** Task instructions **
Repeat precisely the span of lines below that opens with the line containing "nike pro women's shorts 5 inch" and closes with the line containing "جدار من ظلال", both included.

(Data records Opens)

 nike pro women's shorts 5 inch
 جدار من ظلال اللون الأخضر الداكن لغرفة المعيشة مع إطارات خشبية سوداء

(Data records Closes)
(Data records Opens)

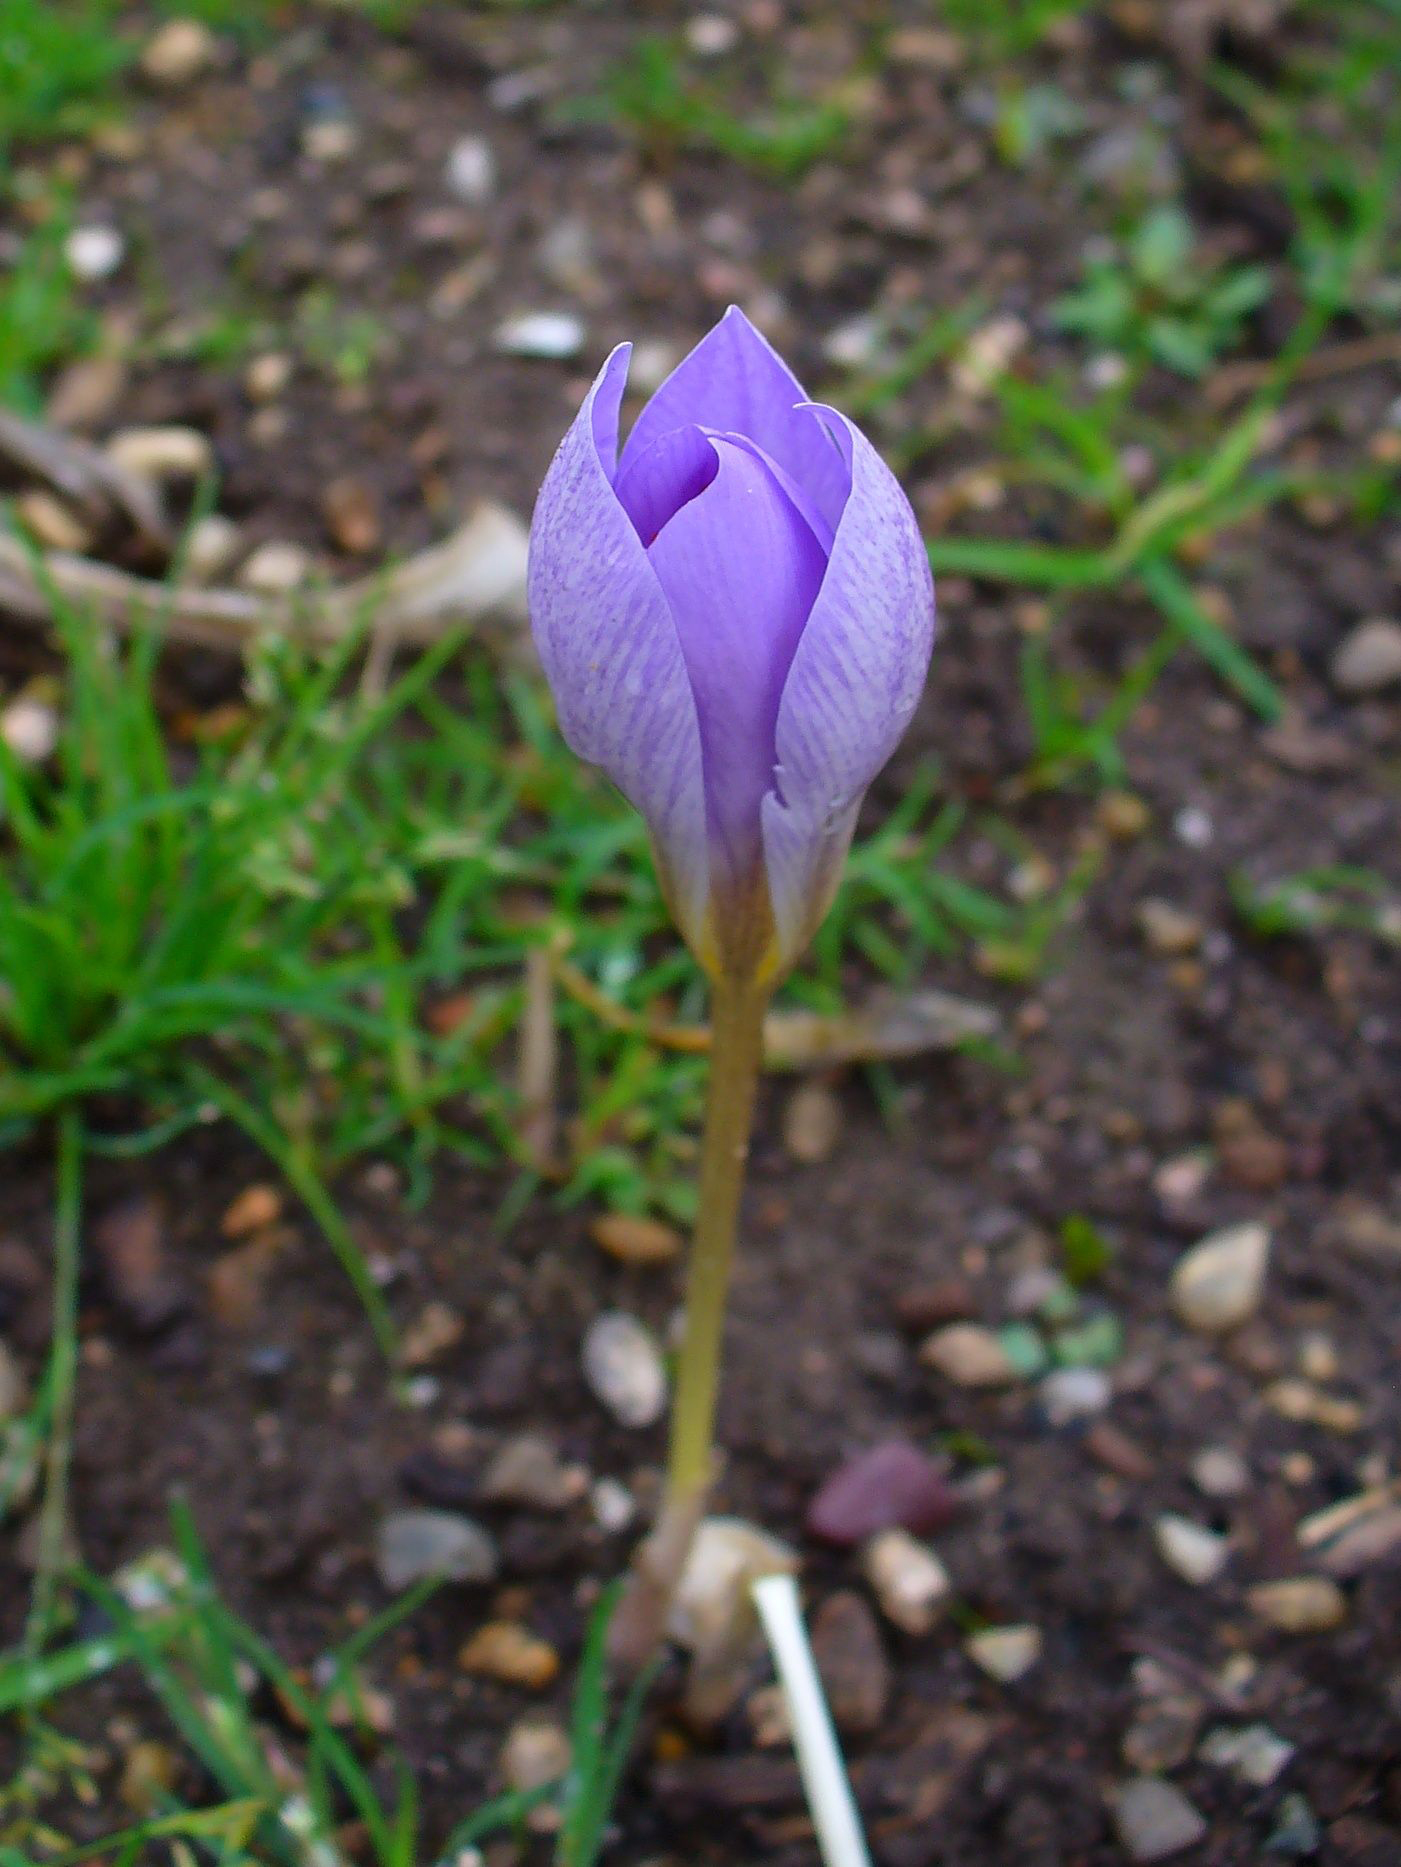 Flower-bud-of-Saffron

(Data records Closes)

** Finished exercise **
 nike pro women's shorts 5 inch
 جدار من ظلال اللون الأخضر الداكن لغرفة المعيشة مع إطارات خشبية سوداء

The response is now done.